The output must be exactly the lines from the "GraphicRiver Business Magazine" line through the end of the listing below, with no picture included.

- INPUT DATA -
★ ★ ★ ★ ★ ★ ★
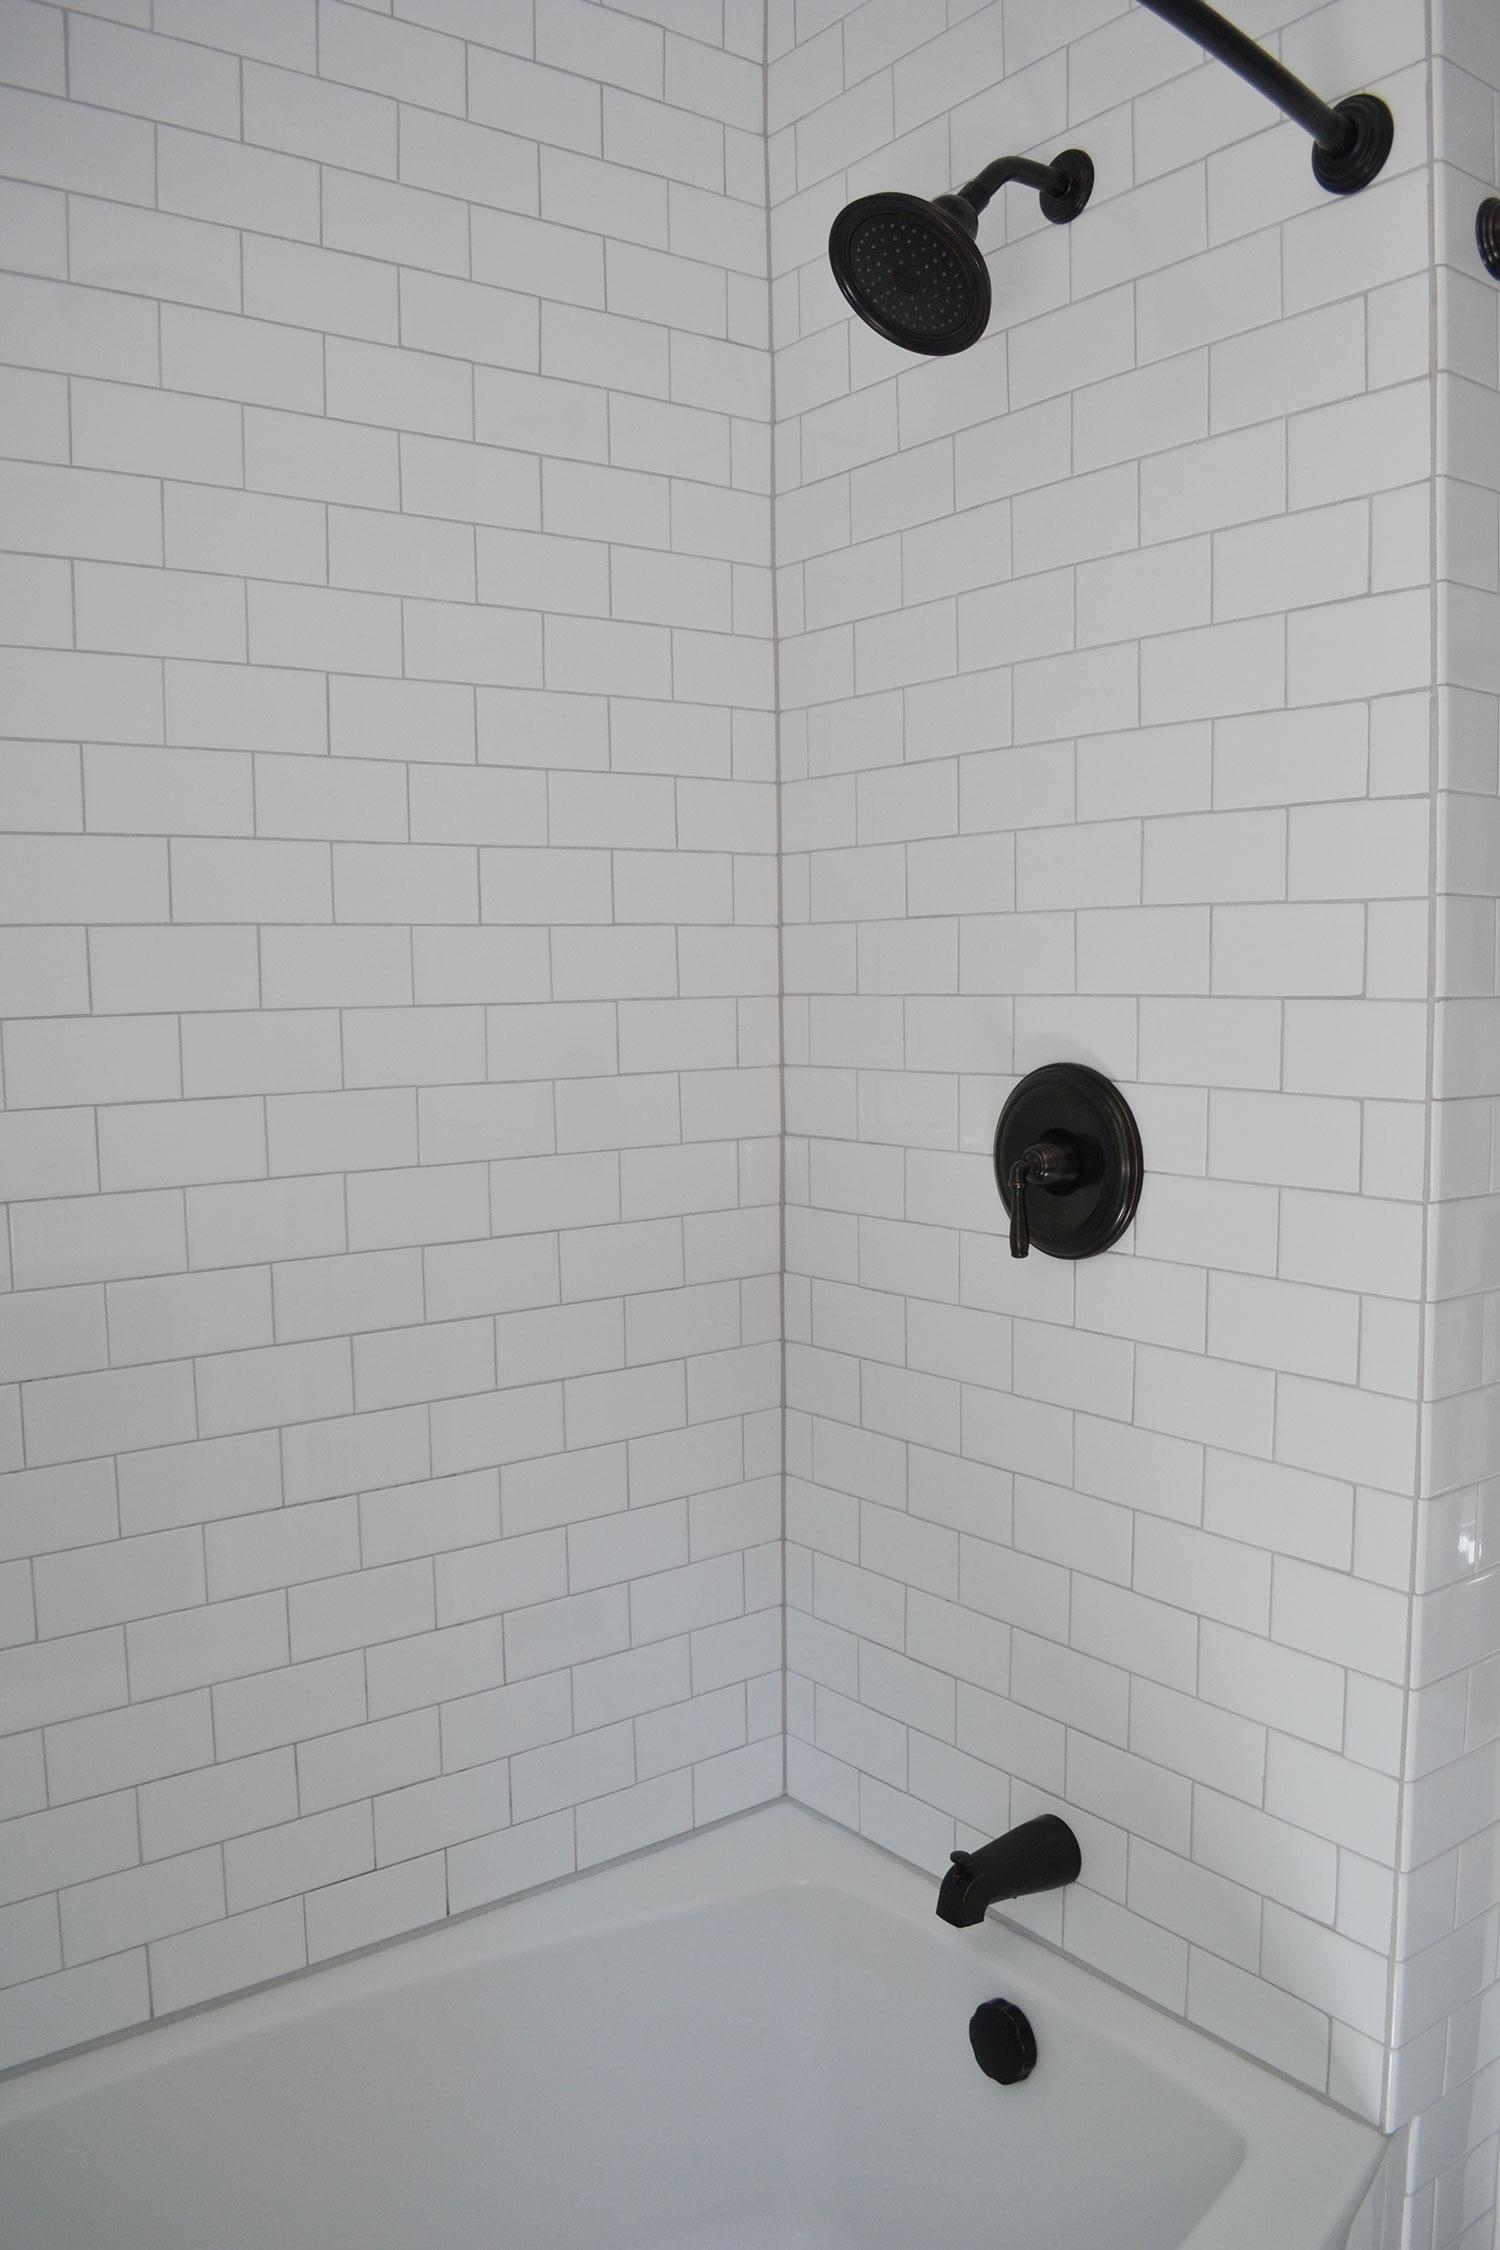 Wonderful 16 Inch Ceiling Tiles Tiny 2 X 12 Ceramic Tile Round 20X20 Ceramic Tile 2X4 Ceiling Tiles Home Depot Old 6 X 6 Ceramic Wall Tile Dark8X8 White Floor Tile 1930s Bathroom Remodel \u2013 Reveal \u2013 Life Is Sweet As A Peach
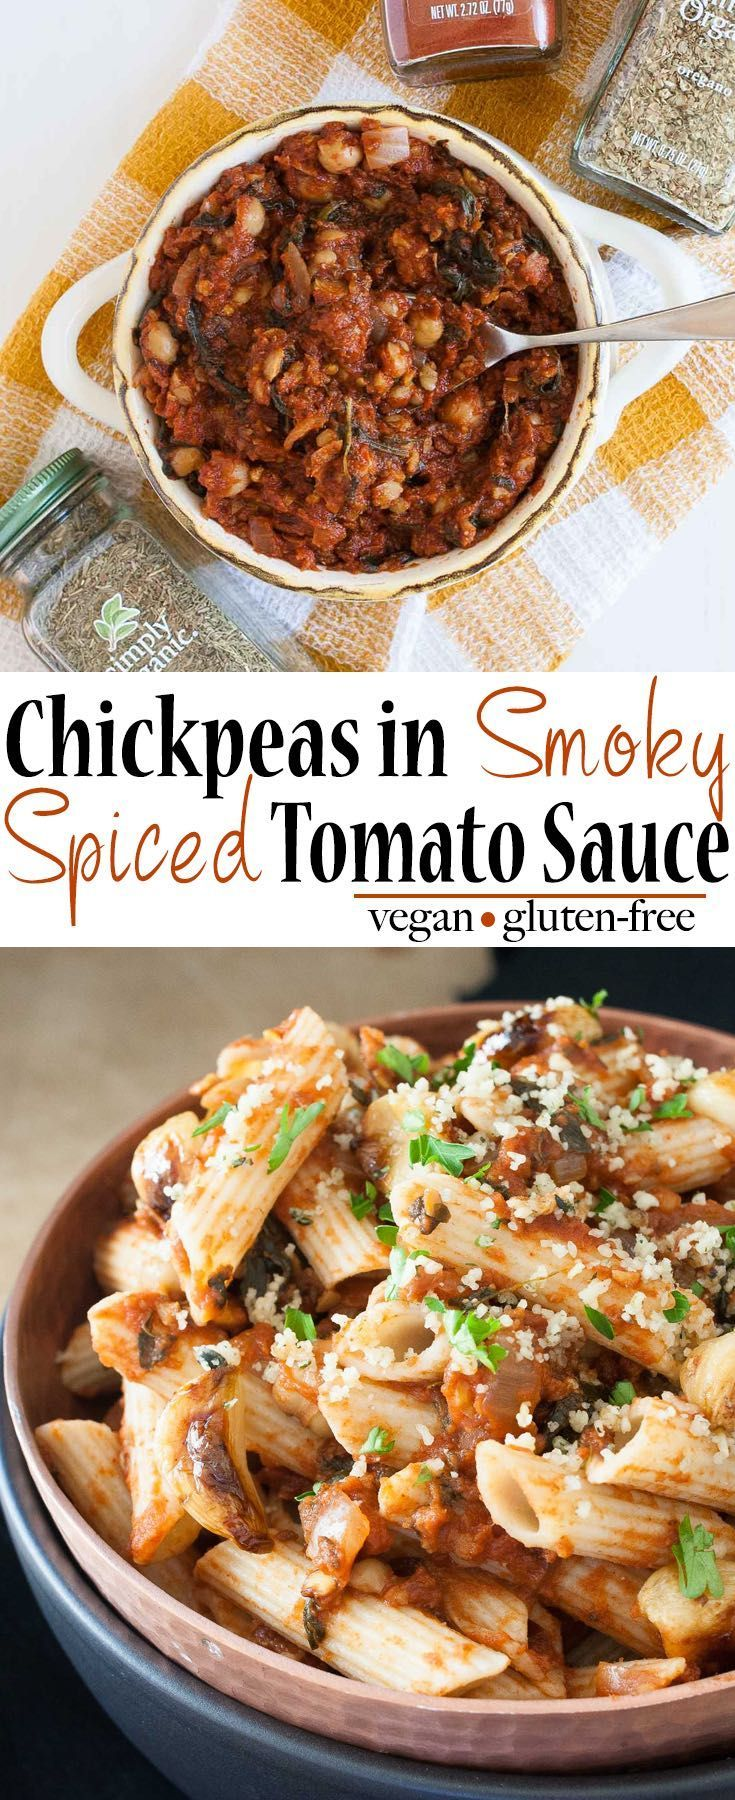 Chickpeas in Smoky Spiced Tomato Sauce   www.veggiesdontbite.com
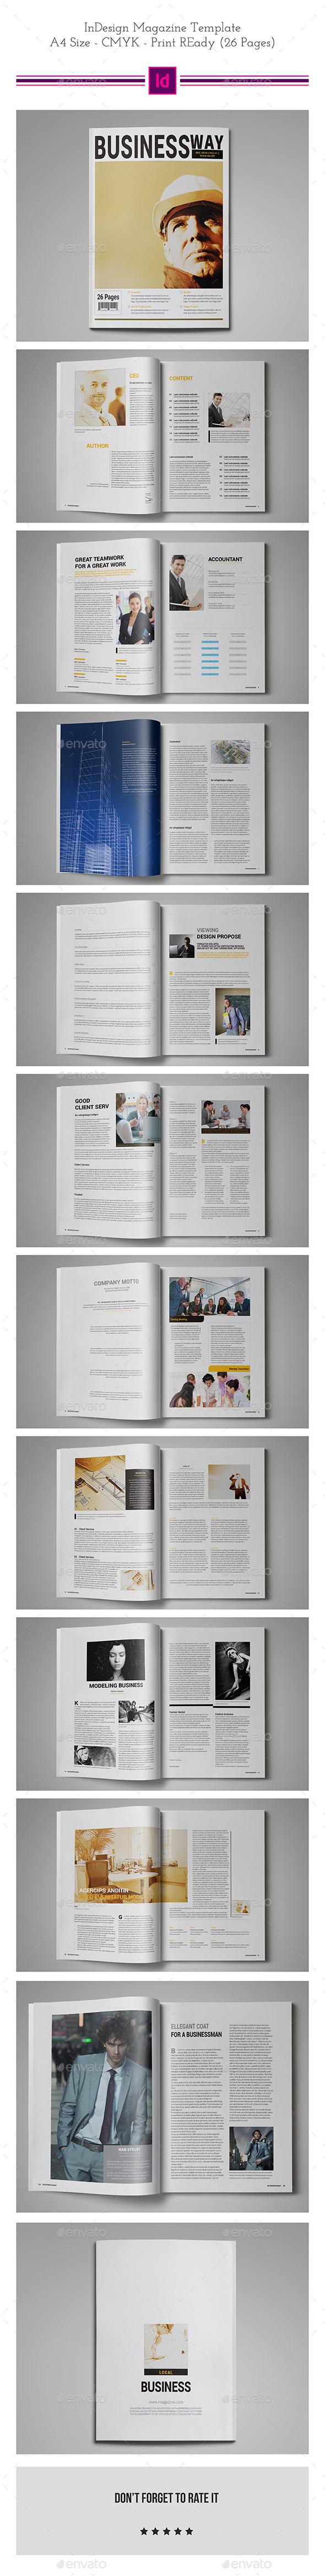 GraphicRiver Business Magazine Template 8990049
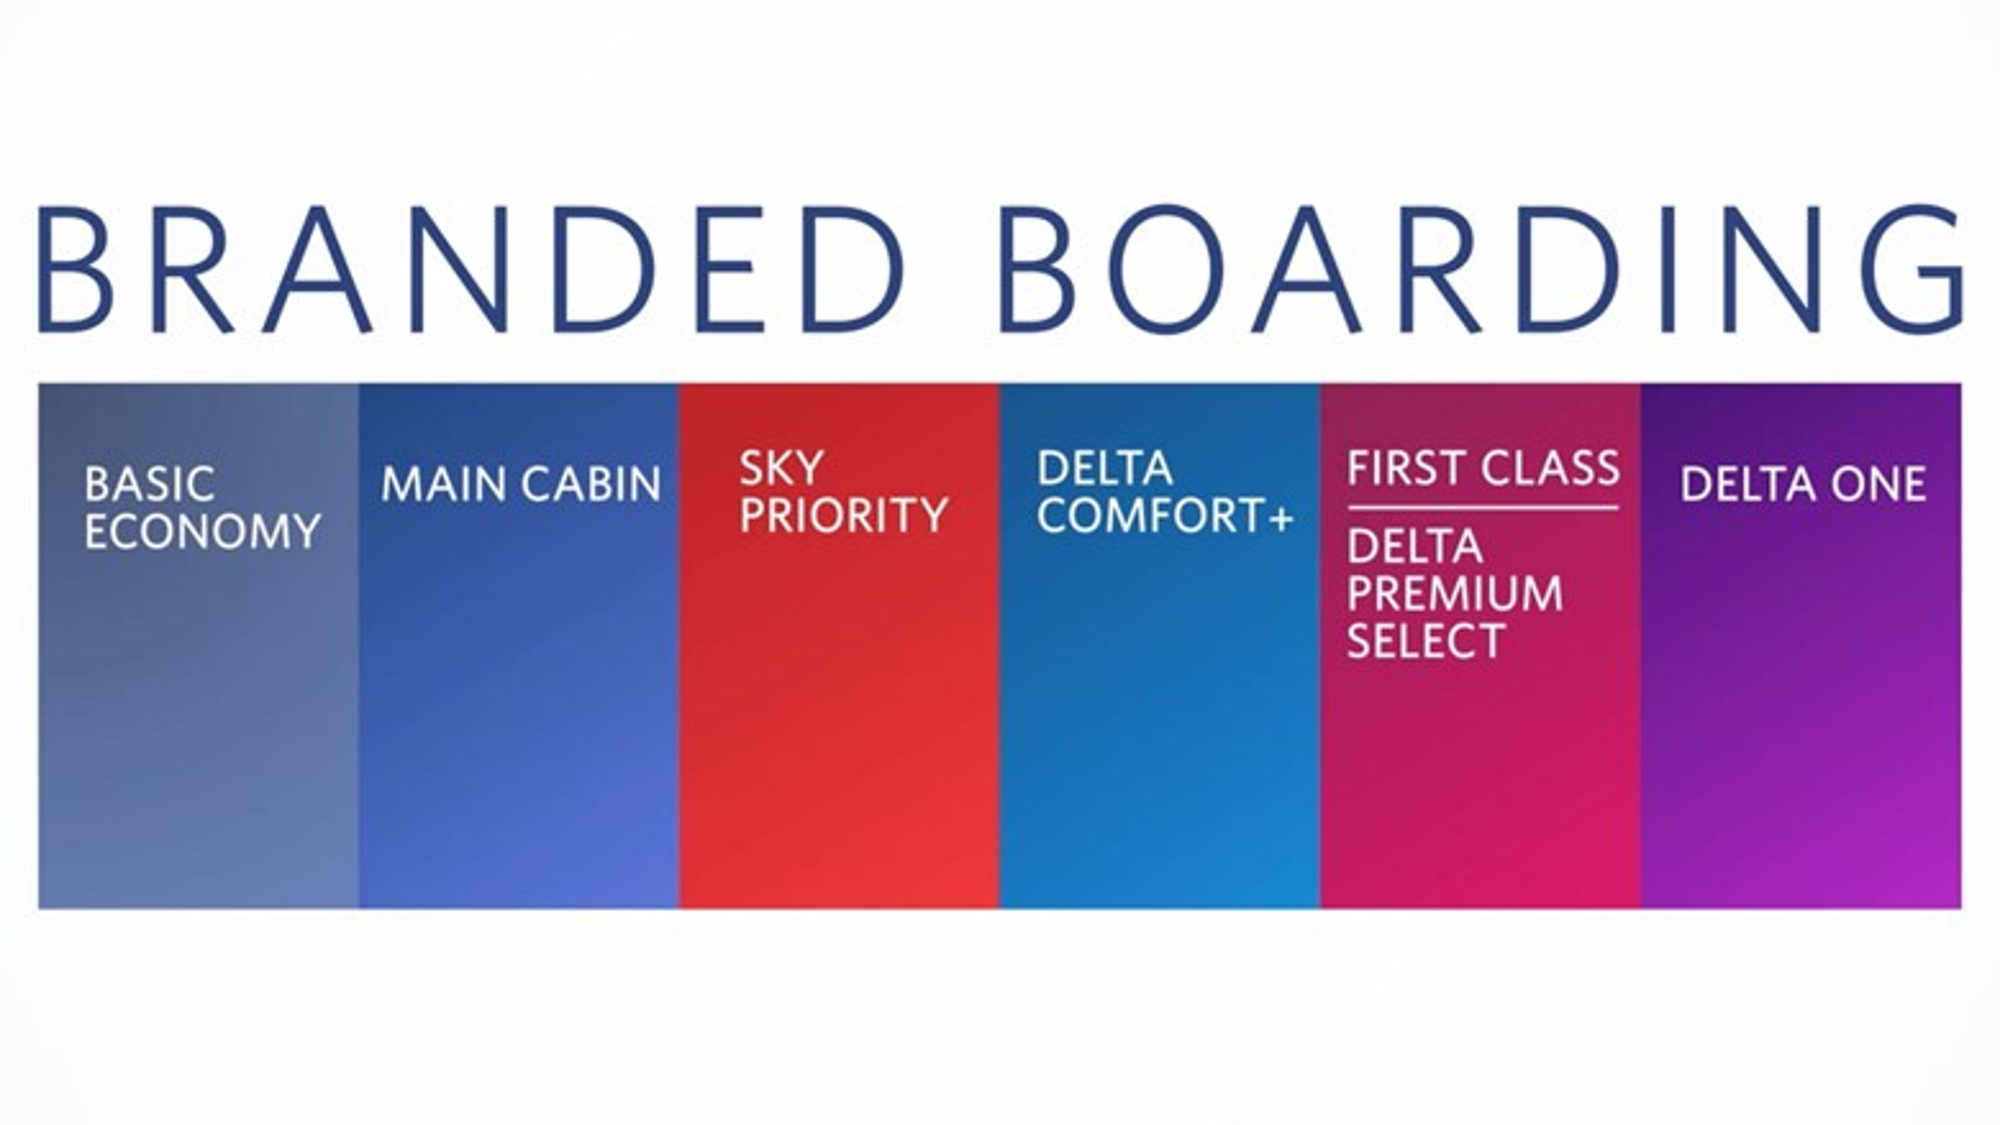 Delta tweaking boarding procedure: Travel Weekly
★ ★ ★ ★ ★ ★ ★
- RESULT OF THIS TASK -
 GraphicRiver Business Magazine Template 8990049
 Delta tweaking boarding procedure: Travel Weekly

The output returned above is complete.